The model is defined by consistent, in-person tutoring at least three times per week, delivered by trained tutors using high-quality, science-of-reading-backed materials that reinforce classroom instruction. When implemented appropriately, high-impact tutoring repeatedly has proven to be the most effective school-based strategy for accelerating learning. The results are compelling: Studies show that tutoring can increase student achievement by the equivalent of three to 15 months of learning.
“Third-grade literacy is a pivotal milestone, and ensuring students are proficient readers by the end of third grade is one of our most important student outcome goals,” said Dr.
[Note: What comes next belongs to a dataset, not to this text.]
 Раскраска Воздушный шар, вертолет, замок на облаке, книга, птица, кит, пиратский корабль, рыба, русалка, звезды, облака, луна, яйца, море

Maria Su, Superintendent of SFUSD. “We know that many students still need additional, targeted support to reach this benchmark. This expansion enables us to focus resources on the grade levels and school communities where high-impact tutoring can most effectively accelerate literacy development—helping students catch up, stay on track, and build a strong foundation for future learning.”
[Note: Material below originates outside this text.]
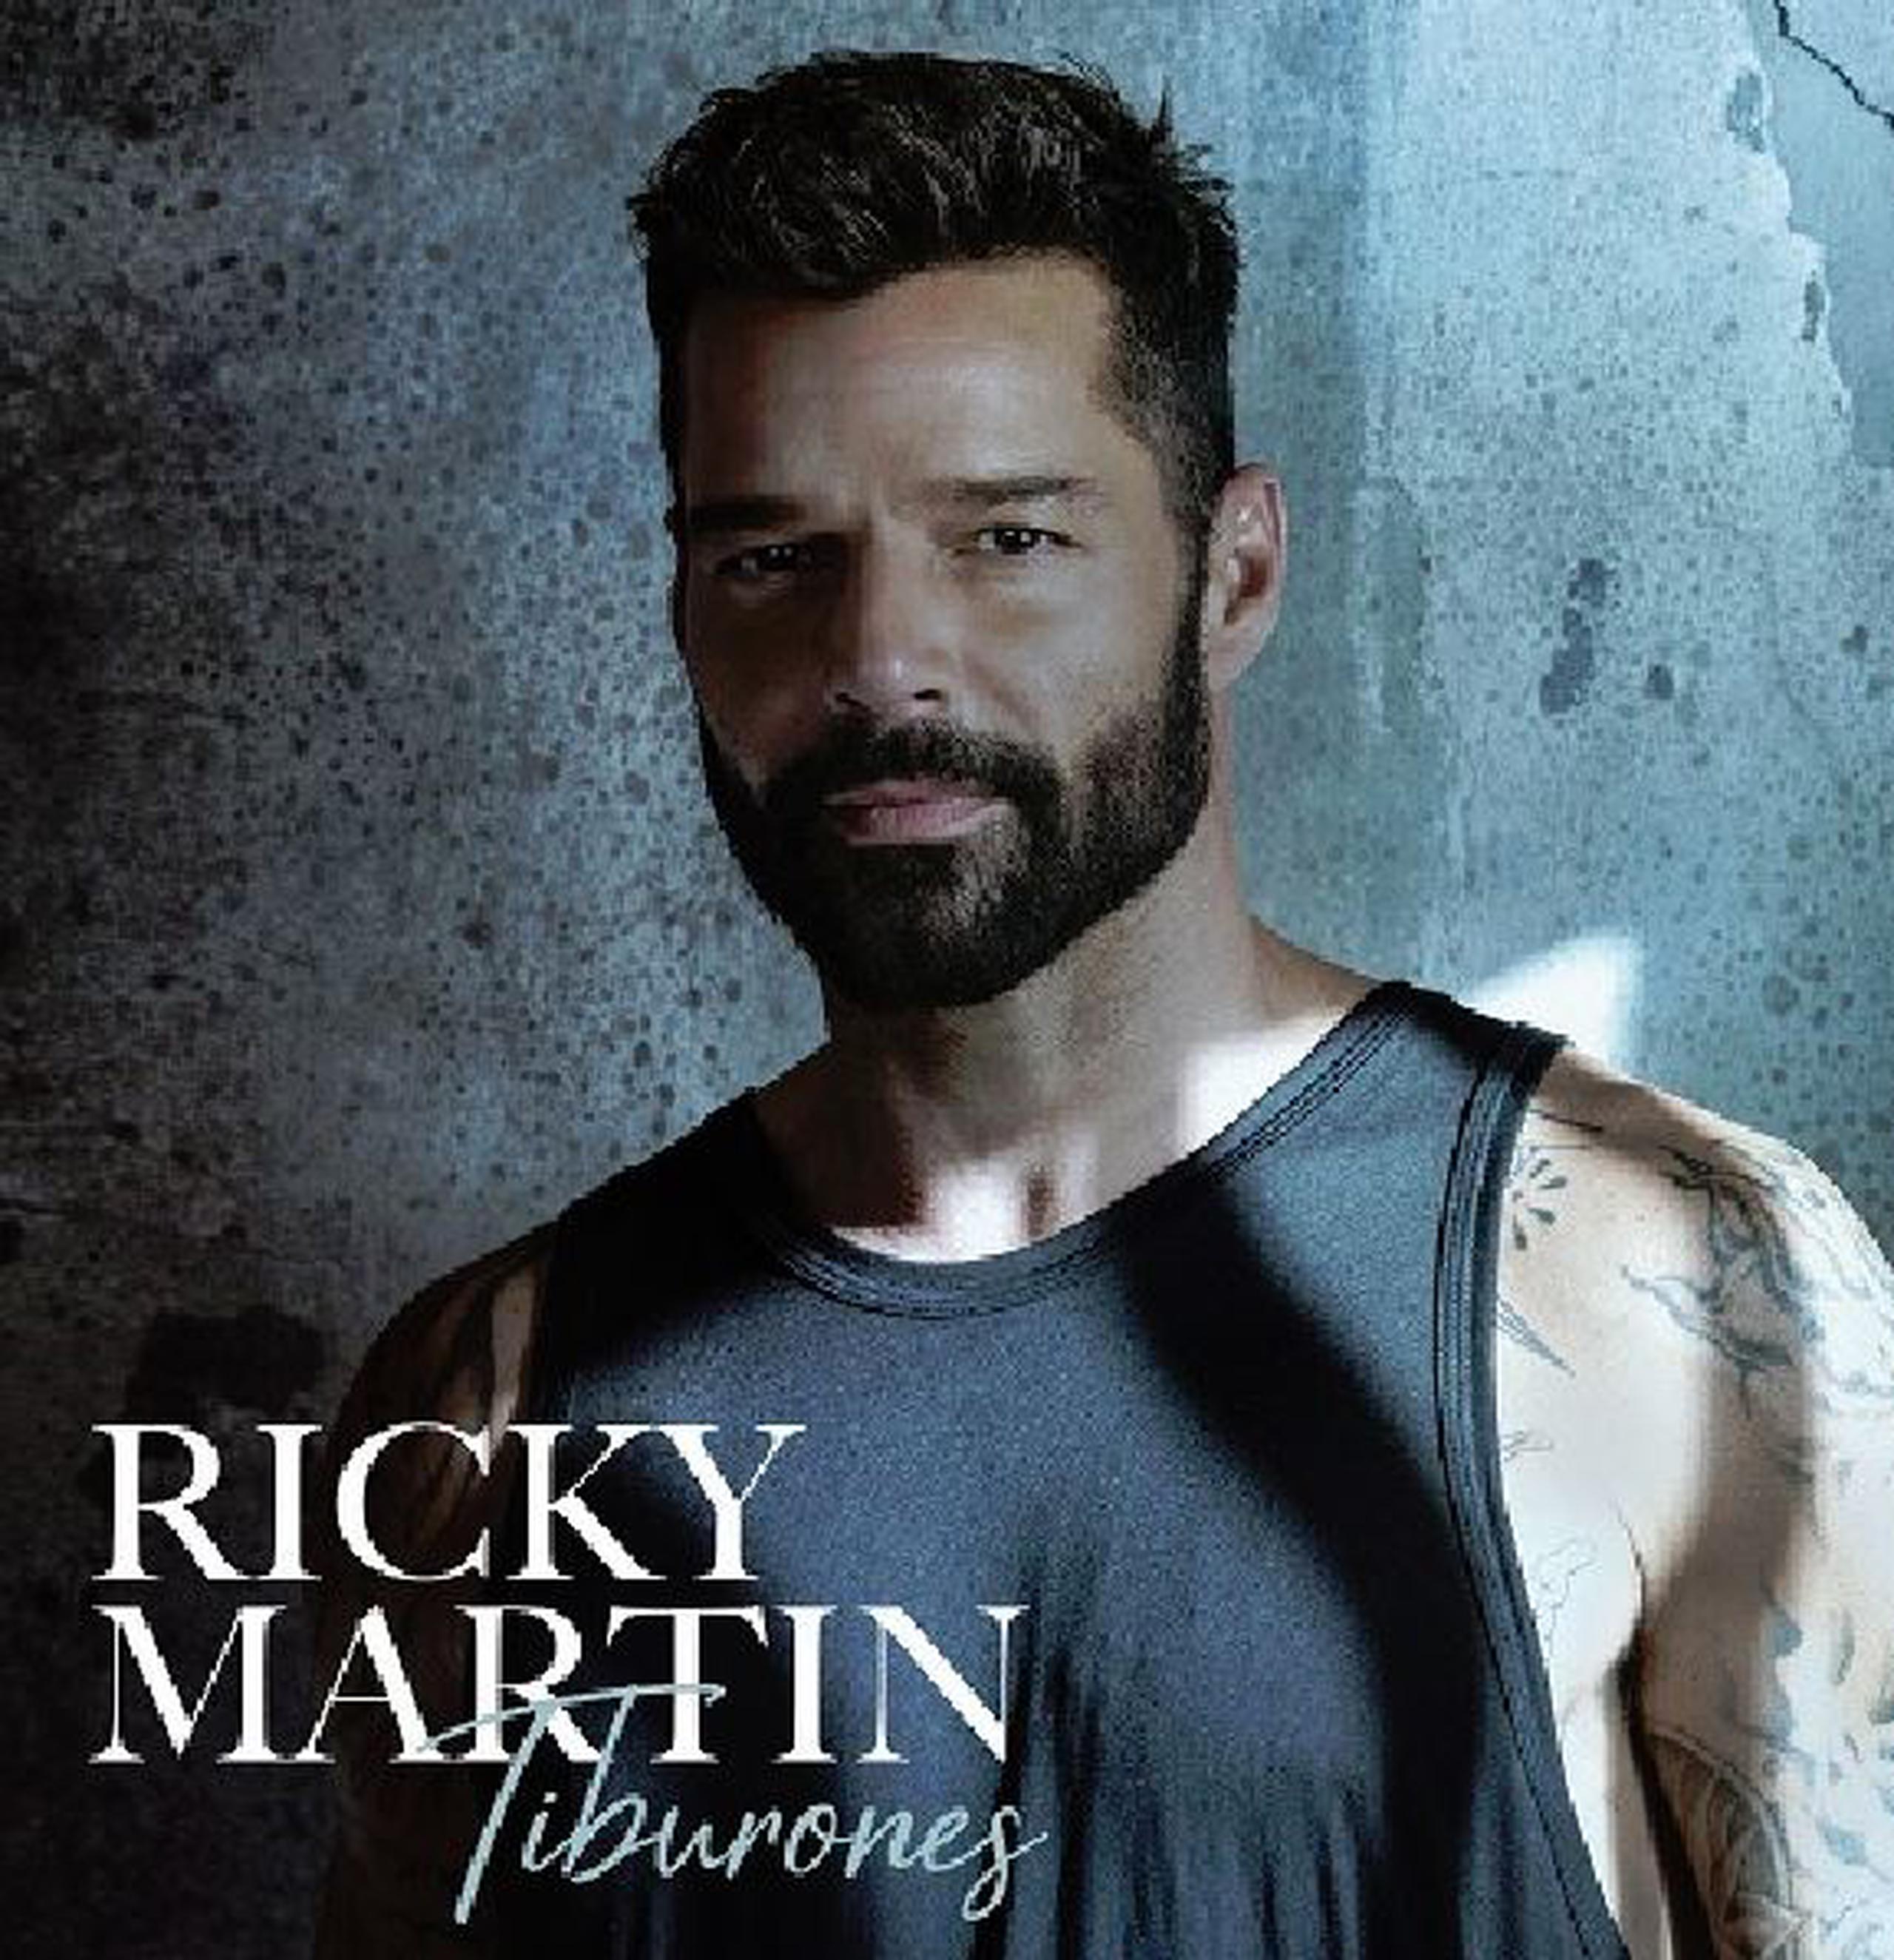 El cantante Ricky Martin estrena el sencillo "Tiburones", del que se desprende un vídeo grabado en Puerto Rico. (Suministrada)

"Literacy is about much more than learning to read. High-impact literacy tutoring helps students build confidence, strengthen critical thinking, and develop the skills they need to thrive in school and beyond,” said Sherrice Dorsey-Smith, Executive Director of DCYF. “By investing Student Success Fund dollars and working in close partnership with our SFUSD and SF Ed Fund partners, we are expanding access to these services, bringing students off waitlists, and delivering more robust, coordinated supports for students and families across San Francisco."
Learn more about the SF Ed Fund’s high-impact tutoring program at sfedfund.org/tutoring.
+++
About SF Ed Fund
The San Francisco Education Fund (SF Ed Fund) advances equitable education by providing quality learning programs, community support, and financial resources to students, educators and schools. The SF Ed Fund’s primary focus is supporting the district’s highest-benefit schools – referred to as Priority Schools – defined as having 50%+ low-income students and 50%+ students not yet meeting literacy standards.
The SF Ed Fund was founded in 1979 as a response to Proposition 13 decimating funding for public education in California, and since then we have consistently mobilized the San Francisco community to champion equitable access to quality education for all public school students. As the first third-party intermediary in the nation focused solely on uplifting local public school teachers, students, and their schools, the SF Ed Fund has spent 45 years building a powerful legacy of community engagement and quality learning.
About SFUSD
SFUSD is the seventh largest school district in California, educating 50,000 PreK-12 students every year. San Francisco is both a city and a county; therefore, SFUSD administers both the school district and the San Francisco County Office of Education (COE). This makes SFUSD a “single district county.”
About DCYF
The San Francisco Department of Children, Youth and Their Families (DCYF) has administered the City’s investments in children, youth, transitional age youth, and their families through the Children & Youth Fund since 1991. DCYF works in partnership with community-based organizations, City agencies, and schools to fund high-quality, culturally responsive services that advance equity, support healing, and help young people succeed in school and in life.
DCYF envisions a strong San Francisco where all young people are supported by nurturing families and communities, are physically and emotionally healthy, are ready to learn and succeed in school, and are ready for college, work, and productive adulthood.